Static code analysis is the process of detecting errors and code smells in software's source code. To analyze a program, you don't need to execute it; the analysis will be performed on the available code base. The closest analogy to static analysis is the so called code review except that static analysis is an automated version of code review (i.e. performed by a bot program).
The main pros of static analysis:
- Bug detection at the early development stages. This helps to make bug fixing much cheaper because the earlier a defect is detected, the easier — and, therefore, the cheaper — it is to fix.
- It allows you to precisely locate the potential bug in the source code.
- Full code coverage. No matter how often one block of code or another gets control while executing, static analysis checks the entire code base.
- Easy to use. You don't need to prepare any input data sets to do a check.
- Static analyzers detect typos and copy-paste related mistakes fairly quickly and easily.
The objective cons of static analysis:
- Inevitable false positives. A static analyzer can get angry about code fragments that actually don't have any bugs in them. Only the programmer can solve this problem and mark a warning as a false positive, which means it will take some of their working time.
- Static analysis is generally bad at detecting memory leaks and concurrency related errors. To detect such errors, you'd in fact have to execute some part of the program in virtual mode, which is an extremely difficult task. Besides, such algorithms would require too much memory and CPU time. Static analyzers typically don't go any farther than analyzing some simple cases. Dynamic analyzers are more fit to diagnose memory leaks and concurrency related errors.
It should be noted that static analyzers don't focus exclusively on bug catching. For instance, they can provide recommendations on code formatting. Some tools allow you to check your code for compliance with the coding standard your company sticks to. This includes indentation of various constructs, the use of space/tabulation characters, and so on. In addition, static analysis can be helpful for measuring metrics. A software metric is a quantitative measure of the degree to which a program or its specifications possess some property. See this article to learn about other uses of static analysis.
Dynamic code analysis is the analysis performed on a program at execution time. This means you must have your source code converted into an executable file first. In other words, code containing compilation or build errors can't be checked by this type of analysis. The check is done with a set of input data fed to the program under analysis. That's why the effectiveness of dynamic analysis directly depends on the quality and quantity of the test input data. It is this data that determines the extent of code coverage at the end of the test.
With dynamic testing, you can get the following metrics and warnings:
- Resources used: execution time of the entire program or its individual parts, the number of external queries (for instance, to a database), the amount of RAM and other resources used by the program.
- The extent of code coverage by tests and other metrics.
- Software bugs: division by zero, null dereference, memory leaks, race conditions.
- Some security vulnerabilities.
The main pros of dynamic analysis:
- You don't have to have access to the program's source code to analyze it. It should be noted, however, that dynamic analysis tools are differentiated by the way they interact with the program under analysis (this is discussed in more detail here). For example, one quite common dynamic analysis technique involves code instrumentation before the check, i.e. the addition of special code fragments to the application's source code for the analyzer to be able to diagnose errors. In that case, you do need to have the source code of the program at hand.
- It can detect complex memory handling errors such as indexing beyond array bounds and memory leaks.
- It can analyze multithreaded code at execution time, thus detecting potential problems that have to do with access to shared resources or possible deadlocks.

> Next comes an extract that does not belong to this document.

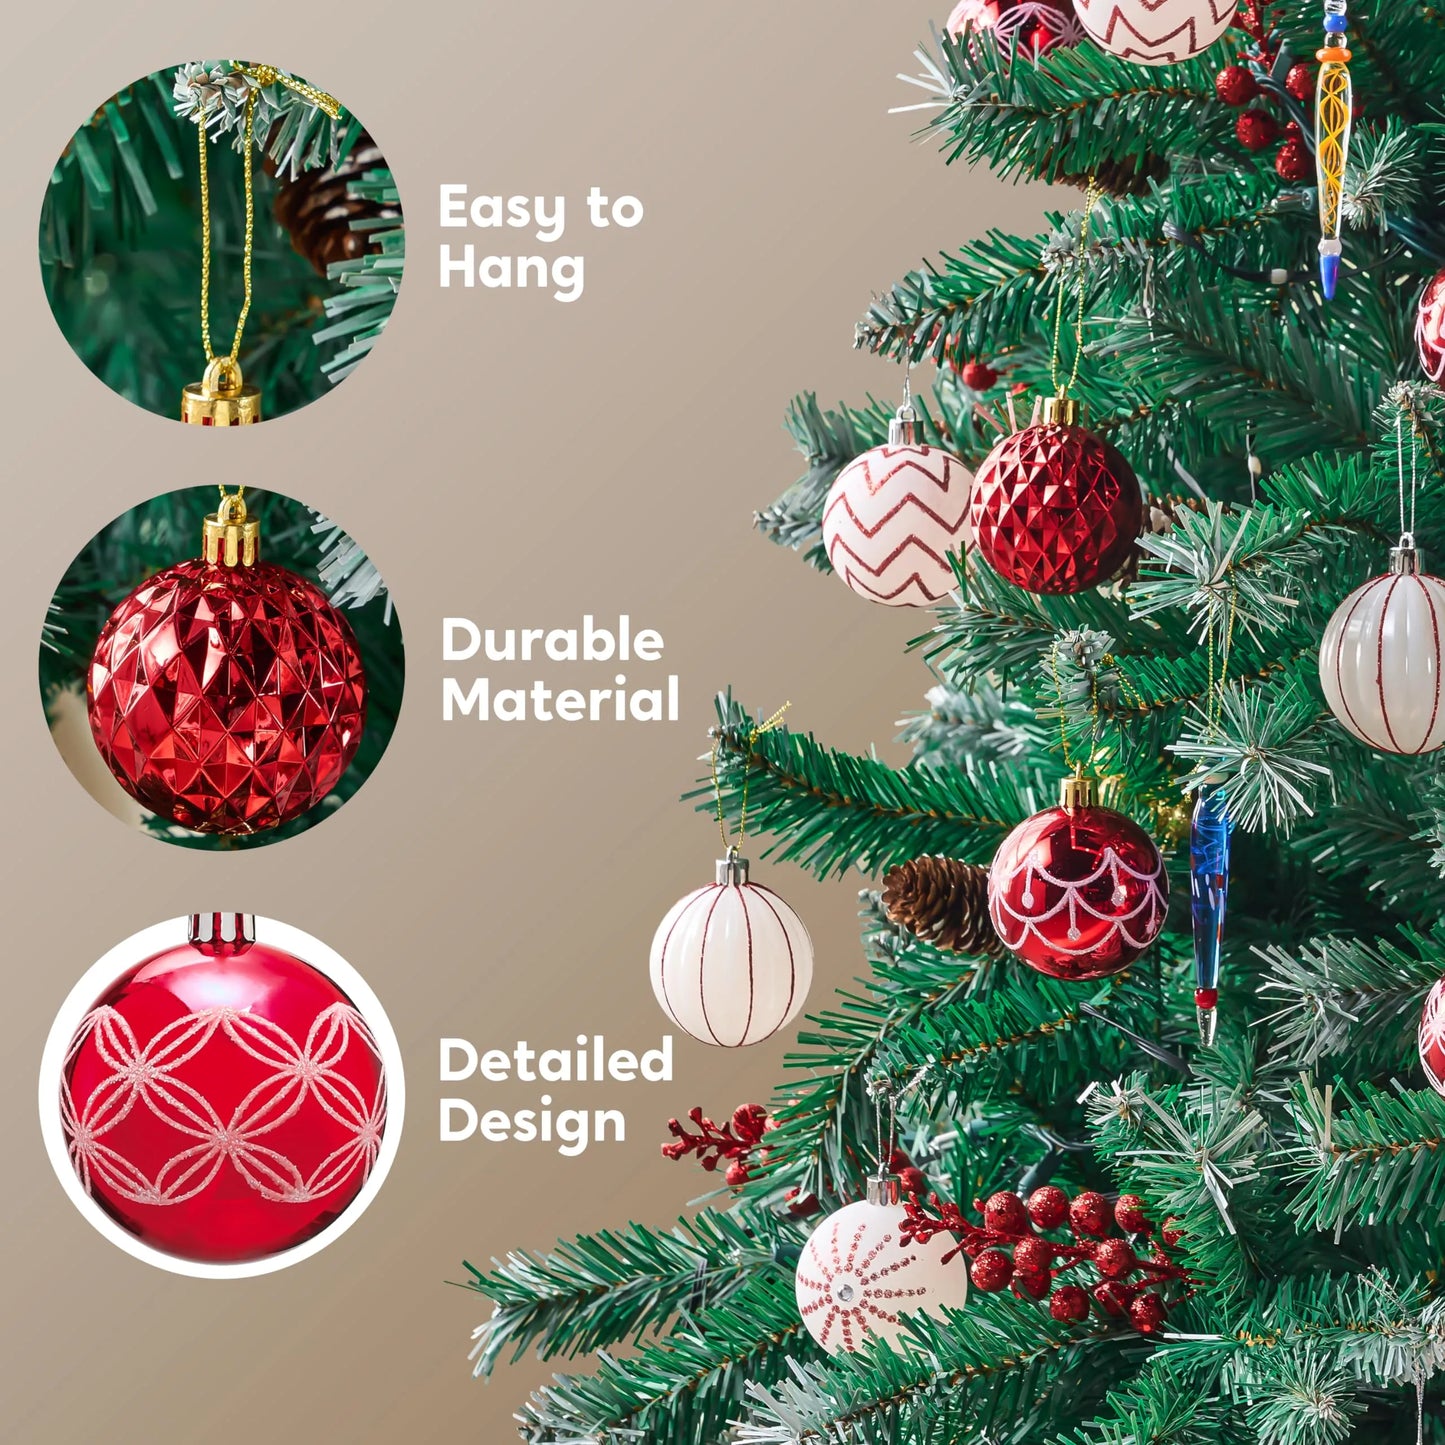 30Pcs 2.3in Designed Christmas Red and White Ball Ornaments

- Most implementations of dynamic analyzers don't generate false positives since errors get caught as they occur. Therefore, a warning issued by a dynamic analyzer is not a prediction made by the tool based on the analysis of the program model but a mere statement of the fact that an error has occurred.
The cons of dynamic analysis:
- Full code coverage is not guaranteed. That is, you are very unlikely to get 100% coverage by dynamic testing.
- Dynamic analyzers are bad at detecting logic errors. For example, an always true condition is not a bug from a dynamic analyzer's perspective since such an incorrect check simply disappears earlier at the compilation step.
- It's more difficult to precisely locate the error in the code.
- Dynamic analysis is more difficult to use in comparison with static analysis as you need to feed enough data to the program to get better results and attain as full code coverage as possible.
Dynamic analysis is particularly useful in those areas where program reliability, response time, or resources consumed are the primary concern. A real-time system managing a critical production sector or a database server are some examples of such systems. Any error in these areas can be critical.
Getting back to the question why sticking only to one of the two types of analysis may not be sufficient, let's take a look at a couple of quite trivial examples of bugs that one analysis method has no problems diagnosing while the other is not fit to detect, and vice versa.
The following example is taken from the Clang project:
MapTy PerPtrTopDown;
MapTy PerPtrBottomUp;
void clearBottomUpPointers() {
PerPtrTopDown.clear();
}
void clearTopDownPointers() {
PerPtrTopDown.clear();
}
A static analyzer would point out that the bodies of the two functions are identical. Of course, two functions having identical bodies aren't necessarily a definite sign of a bug, but it is very likely that they have resulted from using the copy-paste technique combined with carelessness on the programmer's side — and that leads to unexpected behavior. In this case, the clearBottomUpPointers method should call the PerPtrBottomUp.clear method. Dynamic analysis wouldn't notice anything wrong in this example because it's an absolutely legitimate piece of code from its point of view.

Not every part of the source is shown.